The filing record also covers shareholder voting matters, board and auditor approvals, Nasdaq listing-compliance notices, equity financing arrangements, Form S-3 registered share-sale activity and related legal opinions. These disclosures describe TOMI's governance, securities structure, material agreements, risk areas and public-company reporting events.
TOMI Environmental Solutions, Inc. reported that Nasdaq has notified the company of two listing deficiencies. Nasdaq advised that the company’s common stock failed to meet the minimum $1.00 per share bid price requirement for 30 consecutive business days, triggering a 180‑day grace period until May 18, 2026 to regain compliance by maintaining a closing bid of at least $1.00 for 10 consecutive business days.
Separately, Nasdaq informed the company that it is not meeting the $2,500,000 stockholders’ equity requirement. TOMI has 45 calendar days from November 21, 2025 to submit a compliance plan, and Nasdaq may grant up to an additional 180 days if the plan is accepted.
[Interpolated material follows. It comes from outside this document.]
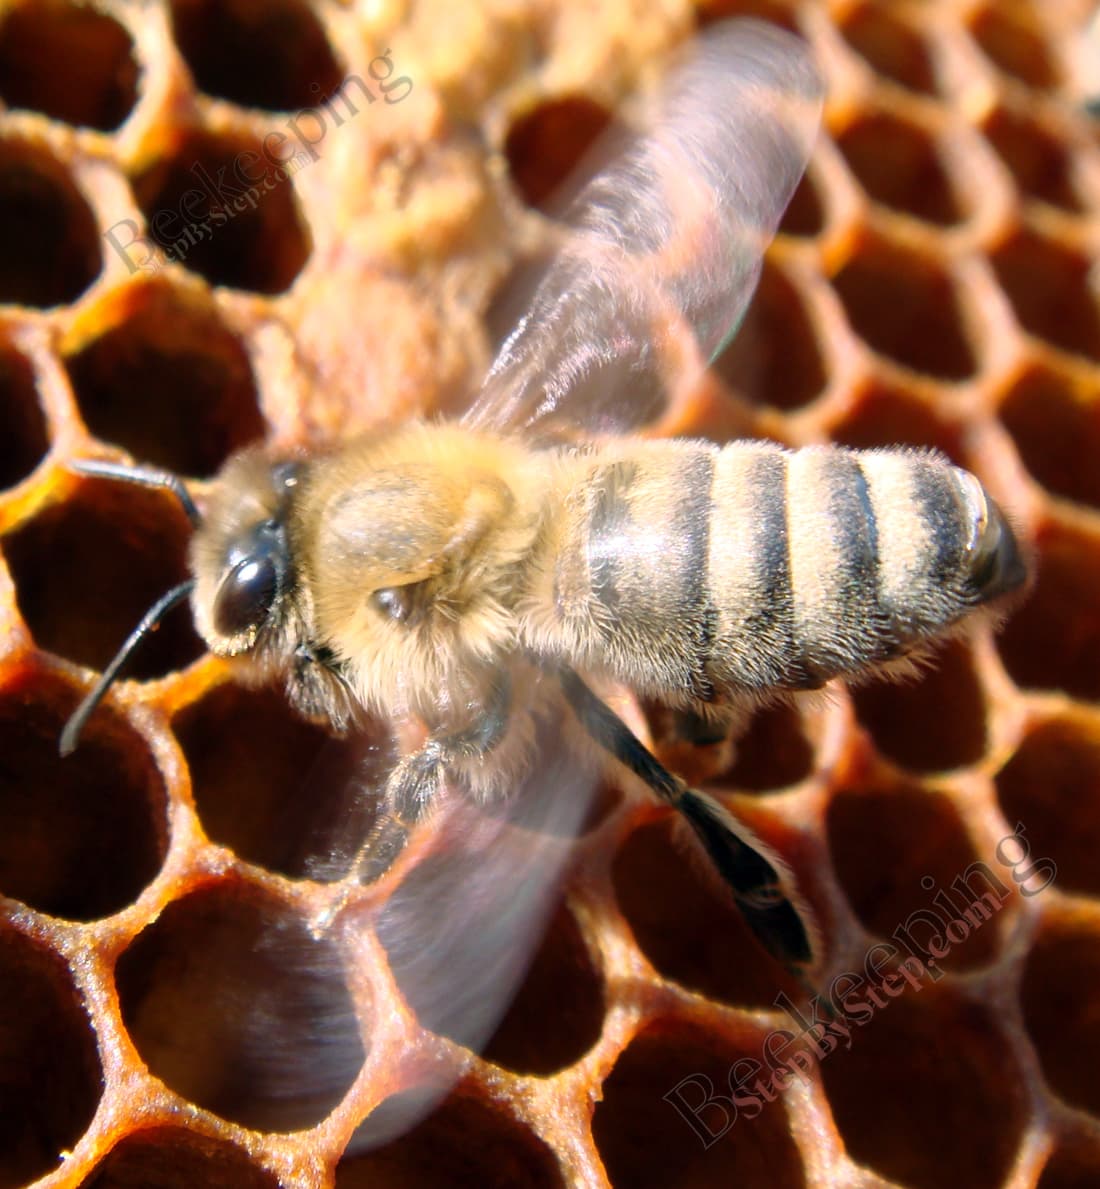 Worker bee fanning

The company states it intends to pursue all reasonable measures to regain compliance, and its shares will continue to trade on the Nasdaq Capital Market under the symbol TOMZ while this process continues.
TOMI Environmental Solutions, Inc. reported the results of its 2025 Annual Meeting of Shareholders held on November 19, 2025. Shareholders elected Francesco Fragasso and Harold Paul as Class II directors to serve three-year terms expiring at the 2028 Annual Meeting, with Fragasso receiving 10,310,356 votes for and 108,880 withheld, and Paul receiving 10,253,327 votes for and 165,909 withheld, plus 2,213,789 broker non-votes for each.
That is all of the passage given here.